British Museum staff support trustee who resigned over BP

Following the recent resignation of Ahdaf Soueif from the British Museum’s Board of Trustees, workers at the Museum have issued a statement of solidarity with Ms Soueif last night.

Members of the PCS union Culture Group condemned the “troubling nature of the relationship between BP and the arts” and stated that:

through its sponsorship of our most prestigious cultural institutions, BP is allowed to propagate the myth that, without its existence, we would not have access to the collections of our publicly funded museums and galleries.

BPBM-front-steps_SK_n-620x413The move follows several high-profile protests against BP sponsorship this summer:

  • 78 leading artists including Turner Prize winners, former BP Portrait Award winners and one of the award’s judges called for the oil company to be dropped by the National Portrait Gallery.
  • Oscar-winning actor Sir Mark Rylance resigned from the Royal Shakespeare Company over BP’s sponsorship of its £5 ticket scheme for young people
  • Over 200 musicians called on the Royal Opera House to drop BP.

The British Museum saw the biggest protest in its 260-year history last February when BP or not BP? protested against the museum’s decision to allow BP to sponsor an exhibition of Iraqi artefacts (pictured above).

The PCS union Culture Group represents 4,000 museums & heritage workers across England, Scotland and Wales, including at the British Museum, Tate and National Gallery. It has a track record of condemning oil sponsorship and is a member of the Art Not Oil Coalition. Its annual conference saw workers voting to declare a Climate Emergency back in May with a motion submitted by workers at National Museums Liverpool. The national PCS union followed shortly after.

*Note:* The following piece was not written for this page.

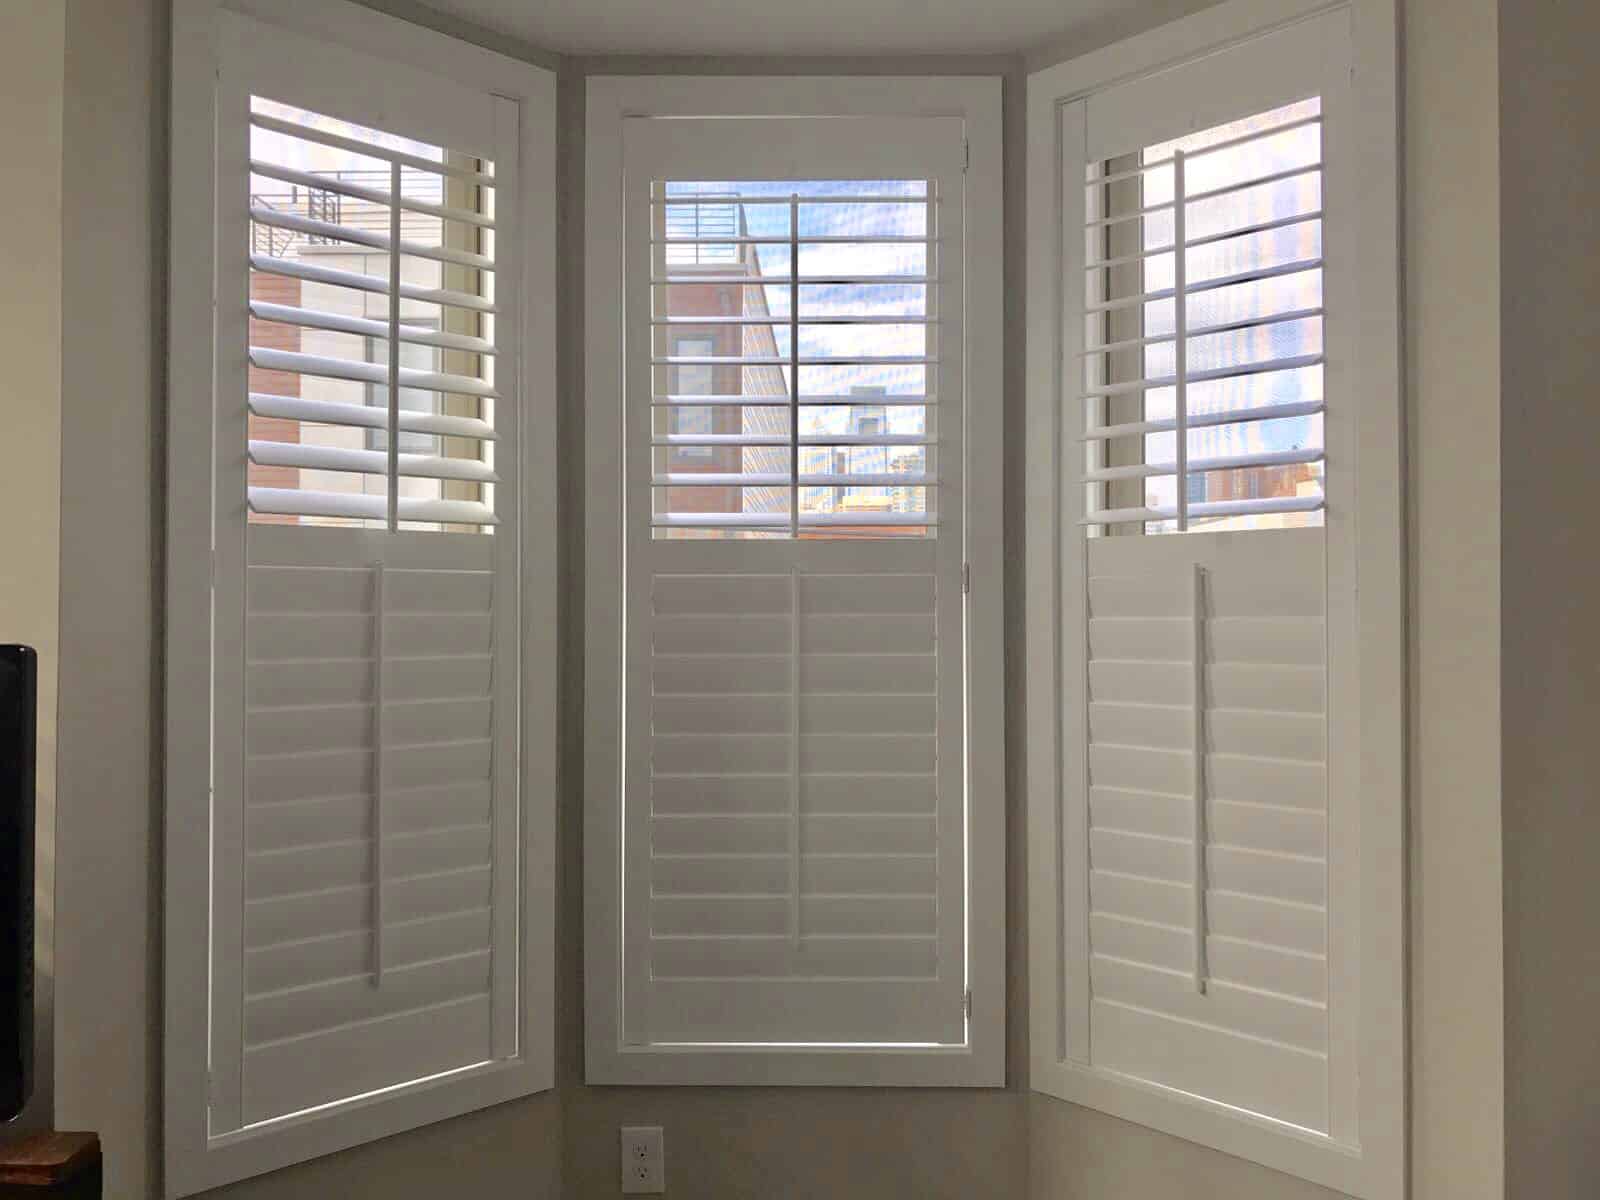 An Ultimate Guide On Buying Plantation Shutters
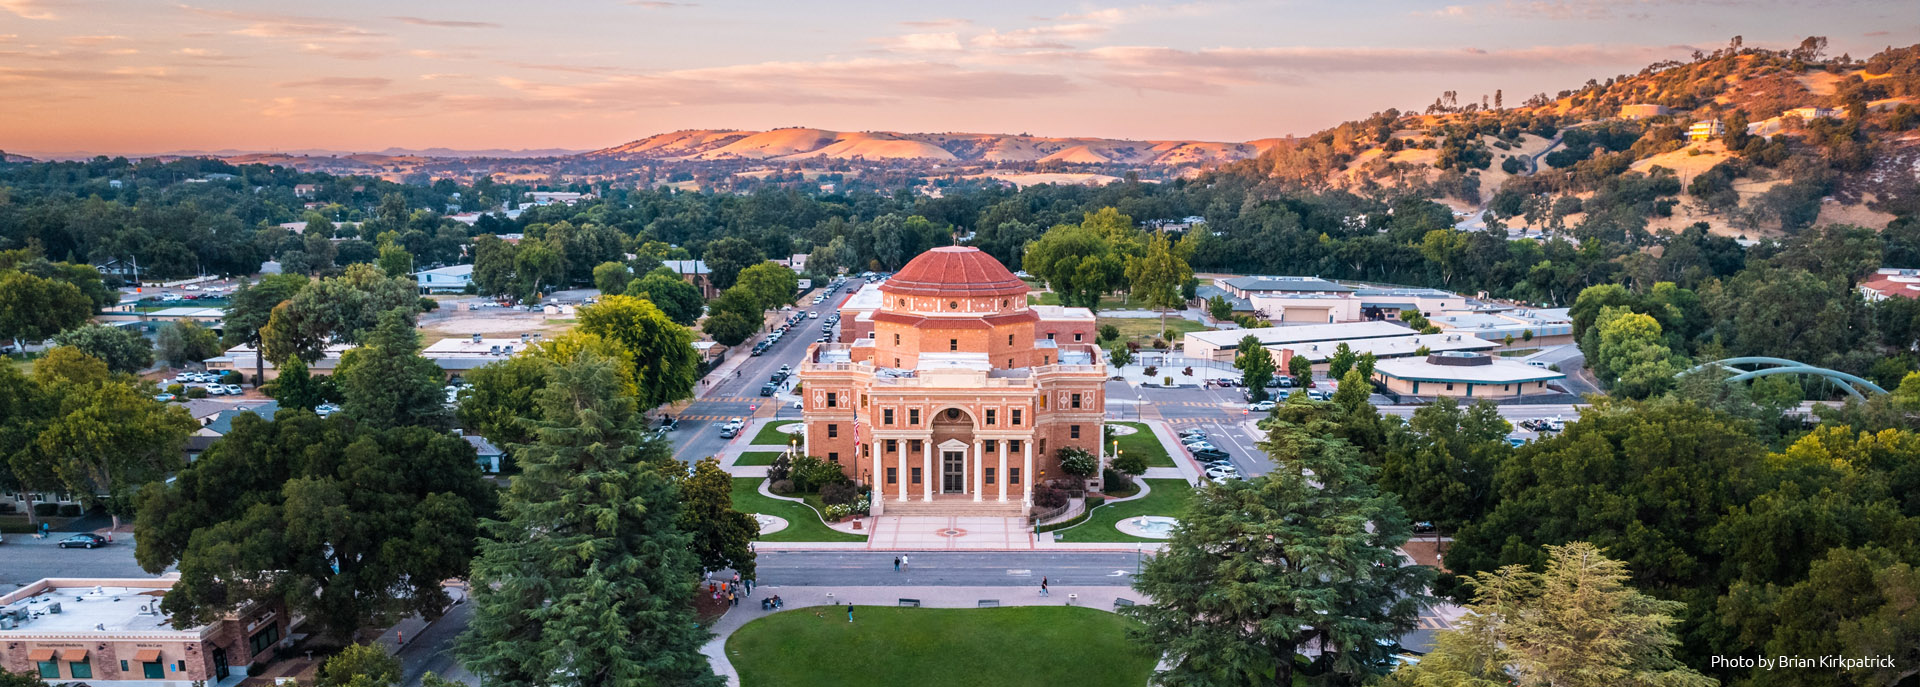 Arial shot looking down on Atascadero's Historic City Hall Building and surrounding downtown area with hills and an orange cast sunset in the background.

The British Museum workers’ statement also specified that “access to culture is a human right, not a privilege bestowed by large corporations” and that “the collection is being used to greenwash the activities of a company whose actions threaten lives the world over, both now and in the future

The statement also referred to the issue of repatriation of artefacts raised by Ms Soueif and said:

As a union with a membership whose personal histories are intertwined all across the globe, it is important for our workplace to represent all of us, in the same way that the collection should represent world cultures”.

Bring British Museum Carillion staff back in-house, London, UKWorkers at the British Museum also thanked Ms Soueif for drawing attention to the precarity faced by outsourced workers and the treatment of individuals formerly employed by Carillion which PCS union Culture Group represents.

Zita Holbourne (pictured right supporting the ex-Carillion museum workers outside the museum in March 2018), Vice-President of PCS Union, said:

“The acceptance of BP sponsorship by the British Museum should be a concern for all and I applaud Ahdaf Soueif in making a stand. Public arts institutions should not depend on blood money to bring arts and artefacts to the public, nor should they be holding on to and displaying items pillaged or stolen. The legacies of colonialism, enslavement and illegal wars, combined with current threats because of climate change and racism, impact on those from the global south every day. Our UK arts institutions should be inclusive places for all, not triggers for trauma and pain.”

British Museum chair Sir Richard Lambert has been defending BP in detail in interviews on Radio 4 and with The Times. President of the PCS Culture Group Clara Paillard said:

‘Rather than listening to his fellow trustee, Richard Lambert has chosen to side squarely with BP, repeating the spin that its business model is in line with preventing the worst climate change scenarios when in reality it plans to spend 97% of its investments on fossil fuels. He also claims BP doesn’t extract highly polluting tar sands oil when it does, and that BP pays its taxes, when in fact last year the company paid no tax in the UK and instead received a handout from taxpayers of £134 million despite profits of £5.6 billion. This publicly funded museum should be standing up for their visitors, staff and the public good, but instead it’s siding with a multinational oil company that only provides around 1% of its income.’

Last night, workers at the Tate, also members of the PCS union Culture Group, met to discuss the Climate Emergency declaration Tate announced yesterday. They also passed a motion declaring a climate emergency but went further than their bosses by calling for a carbon cap and register of fossil fuel interests of Trustees and Donors. They called for Tate to be more ambitious than 10% carbon decrease over 5 years and discussed organising for the forthcoming Climate Strike on 20th September.